As a Network and Security Engineer at AIDA Cruises, I was responsible for configuring and securing both the headquarters and onboard network infrastructure, as well as ensuring webpage security. I also became an MTN Certified Satellite Configuration and Maintenance specialist. During my time there, I redesigned and replaced an outdated RSA token-based ship access system for external service providers with a streamlined onboard application. By integrating firewall directory services and documentation, this solution significantly reduced complexity and saved the company a six-digit investment. Additionally, I developed a live satellite connectivity monitoring system, enabling faster response times to network outages at headquarters. Beyond technical challenges, this role gave me valuable insights into the intricate infrastructure of these incredible ships—whether rewiring onboard data centers, participating in the construction of AIDAmar, deploying new satellite systems, or traveling the world along the way. 🚢🌍

Managing dynamic and heterogeneous device ensembles can be complex, especially when ensuring seamless coordination and proactive user assistance. As part of my diploma thesis, I developed an agent-based control system that dynamically assigns agents and functional roles based on the current state of all devices and their existing responsibilities. This adaptive approach enables real-time decision-making, optimizing system behavior according to changing conditions. We demonstrated its effectiveness in a smart meeting room scenario, where agents autonomously coordinated devices to enhance user experience. A user evaluation confirmed the approach’s feasibility, highlighting improvements in responsiveness and system efficiency.
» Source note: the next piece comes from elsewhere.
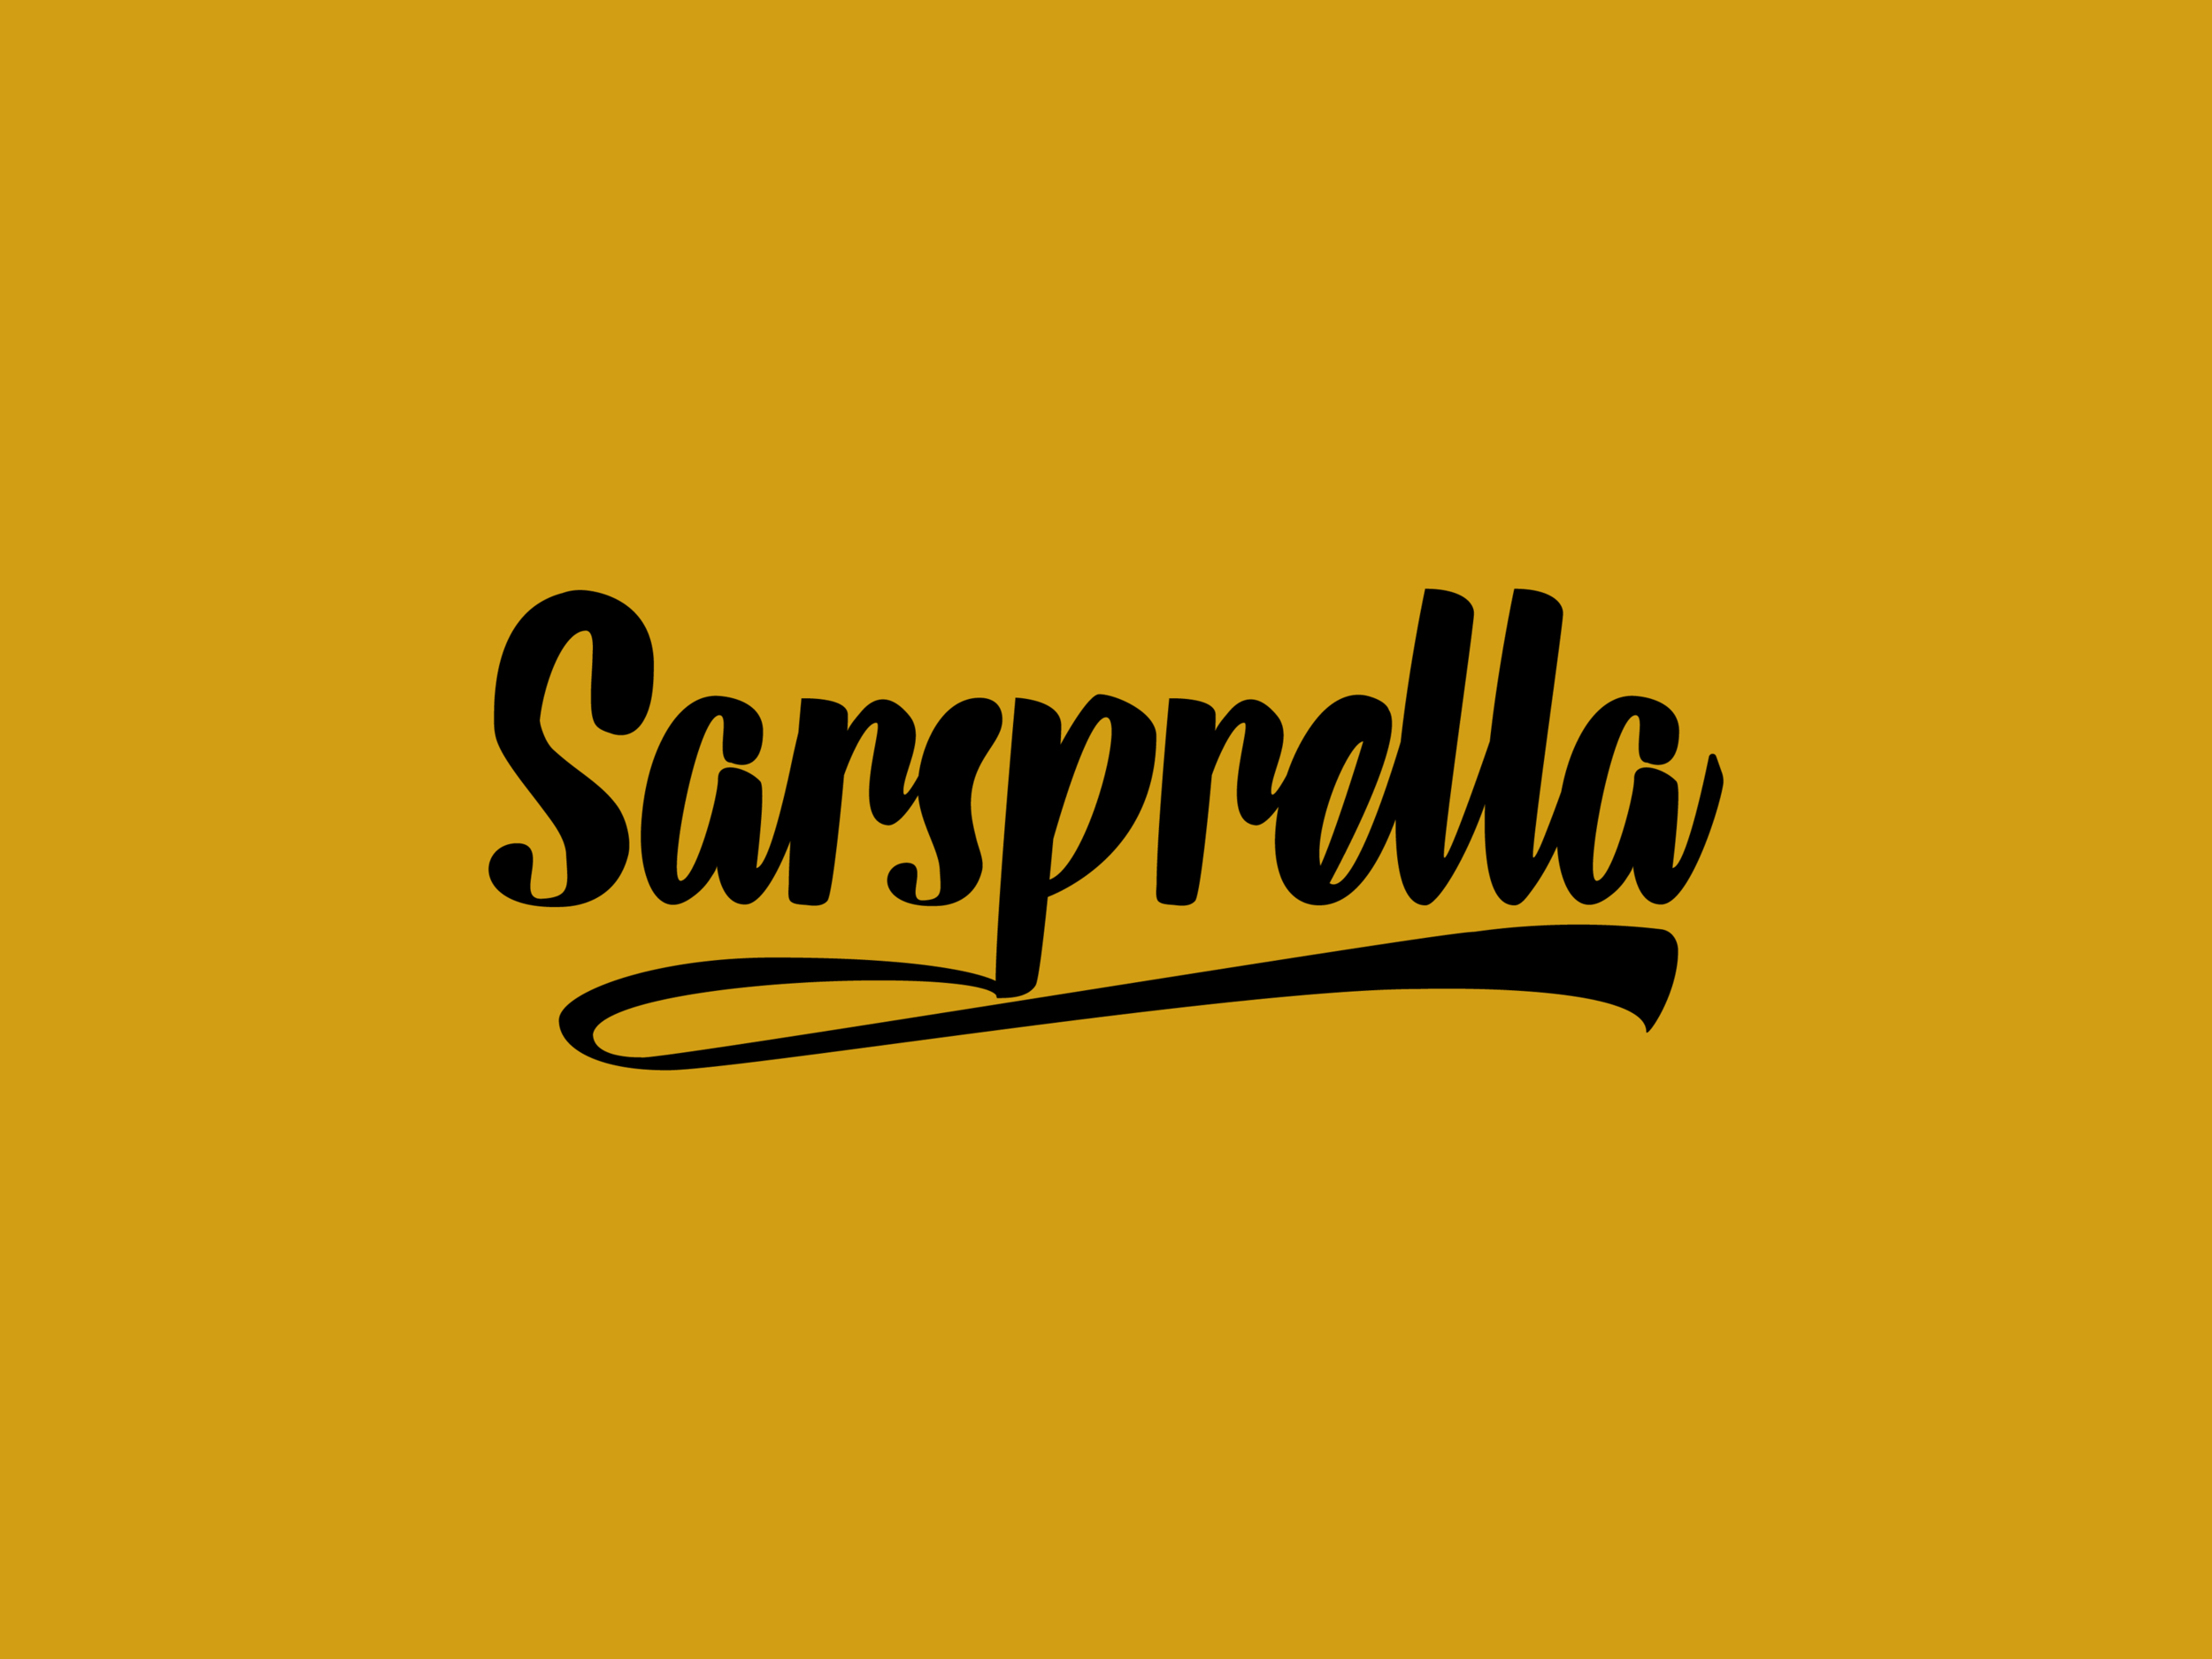 sarsprella.png

Beyond my professional work, I love bringing creative and technical ideas to life. One of my most exciting projects is the Ironman Bike, which I’m currently building with my good friend André Bekter, a professional motorcycle engineer and the head of Antec-Bike.

We started with a 1998 Yamaha Thunderace YZF, a machine with 150 horsepower that has stood the test of time. But instead of just restoring it, we reengineered it from the ground up. The outdated electronics have been replaced with custom Arduino-based controls and new relays, ensuring modern reliability and smart automation.

The front features a 3D-printed Ironman mask I extracted the structure from a video game. The alternator is now covered by an Arduino-powered animated arc reactor. The direction indicator are also blue repulsors, because why not go all in? The real magic happens in the bike’s custom Jarvis UI, which not only manages essential functions like a GPS-based speedometer and automatic flasher shutdown, but also responds to SMS by sending a Google Maps link with the current location.

It’s as much a passion project as it is a technical challenge, blending electronics, software, and design into something unique. As the final touches come together, I can’t wait to take it on the road. It’s been a journey of engineering, problem-solving, and pure enthusiasm.